On 11/17/11 6:36 AM, Chris Hegarty wrote:
On 17/11/2011 11:22, Gary Adams wrote:
On 11/17/11 4:14 AM, Chris Hegarty wrote:
On 17/11/2011 08:29, Alan Bateman wrote:
.....

I see Chris's mail points out that some tests do have an unusually small
timeout. For those tests then I would be tempted to just remove the
timeout. Most likely the original author of the test put a small timeout
to make it quick to test on a JDK that didn't have the fix.

Right, I've seen this before ( bug in JDK that causes deadlock, set
small timeout on test so doesn't block for too long before being
interrupted by jtreg). But if these tests ever fail then it means we
have a problem, the small timeout is just not necessary at all in a
JDK that doesn't have the issue being tested for.

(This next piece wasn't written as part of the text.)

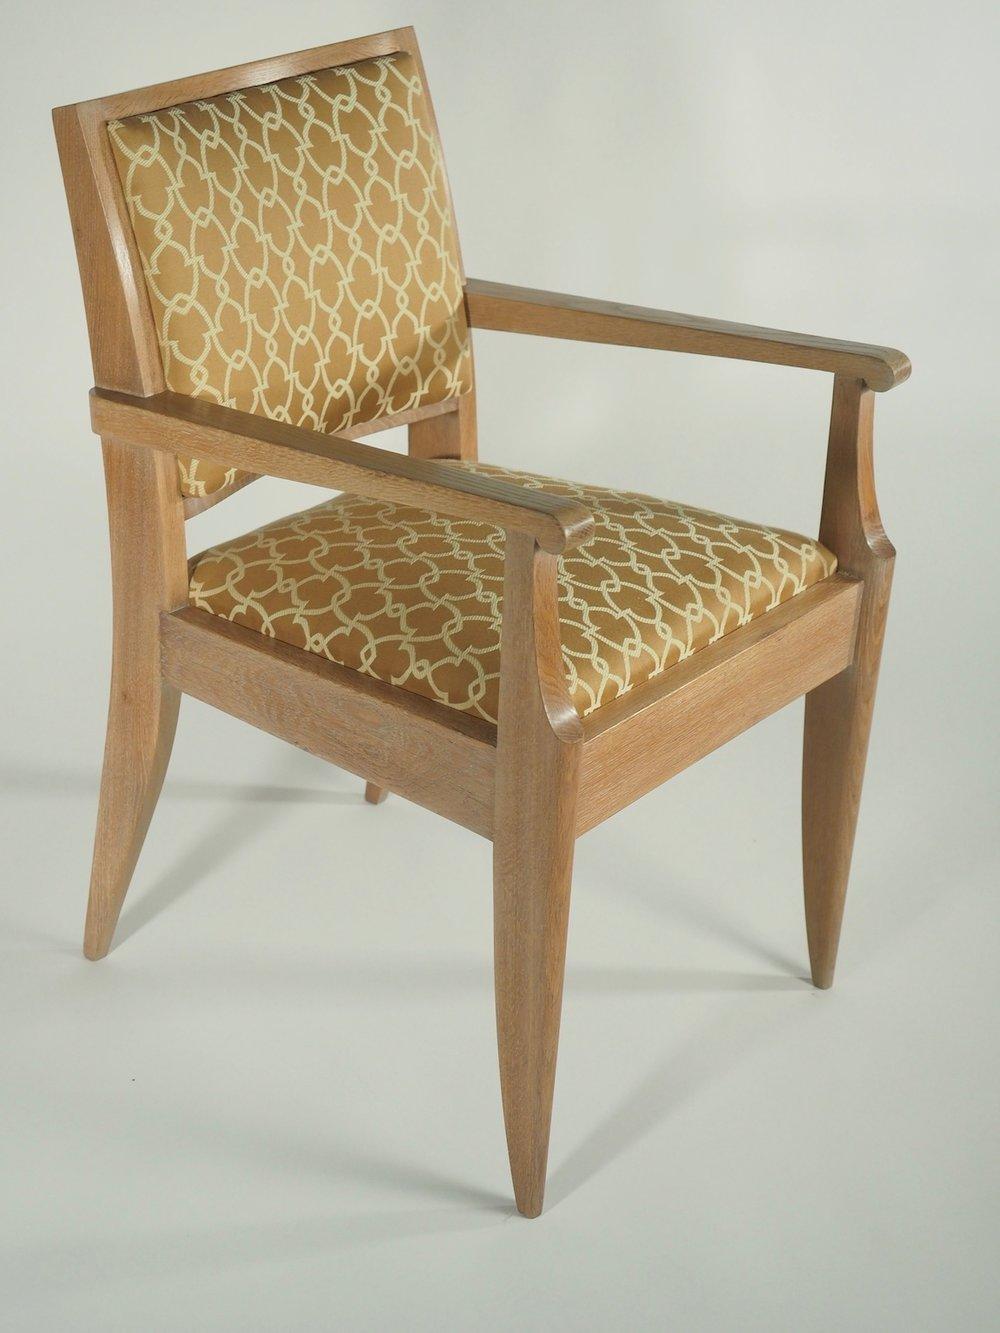 Französische Sessel aus der Mitte des späten Art déco, um 1950, von Dominique in Eiche. Korrekt restauriert, aufgearbeitet und neu gepolstert.

Maybe this would be a good place to start and eliminate some of the
low hanging fruit ;-)
It would help to know which of the quick timeouts
were intentional and which ones are required for
proper execution of the tests.

Unfortunately, with most of these intermittent failures there is no silver bullet, each test may have to be looked at individually. We've been going through this process for months now :-(

From the original list you sent out the obvious candidates for removal of the timeout parameter are:

jdk/test/java/util/logging/LoggingDeadlock.java:32: * @run main/timeout=15 LoggingDeadlock jdk/test/java/util/logging/LoggingDeadlock2.java:31: * @run main/timeout=15 LoggingDeadlock2 jdk/test/java/util/logging/LoggingDeadlock3.java:30: * @run main/timeout=80 LoggingDeadlock3 jdk/test/java/util/logging/LoggingDeadlock4.java:30: * @run main/timeout=15 LoggingDeadlock4

Can we confirm with the test author if the timeouts could be removed?

If these tests ever encounter a java level deadlock and need to be interrupted by the jtreg harness, then there is a JDK implementation bug that needs to be fixed. It looks like these timeouts were added when developing the original bug fix ( and test ) so the test times out in a timely manner when running a JDK without the fix. This is not needed for correct operation of the test itself.

Are you seeing issues with these test when running embedded on slow hardware?
I haven't had the cycles to get to the test run on embedded hardware, but
I may get to it today.

-Chris.


Not all "drops" are good for "applesauce".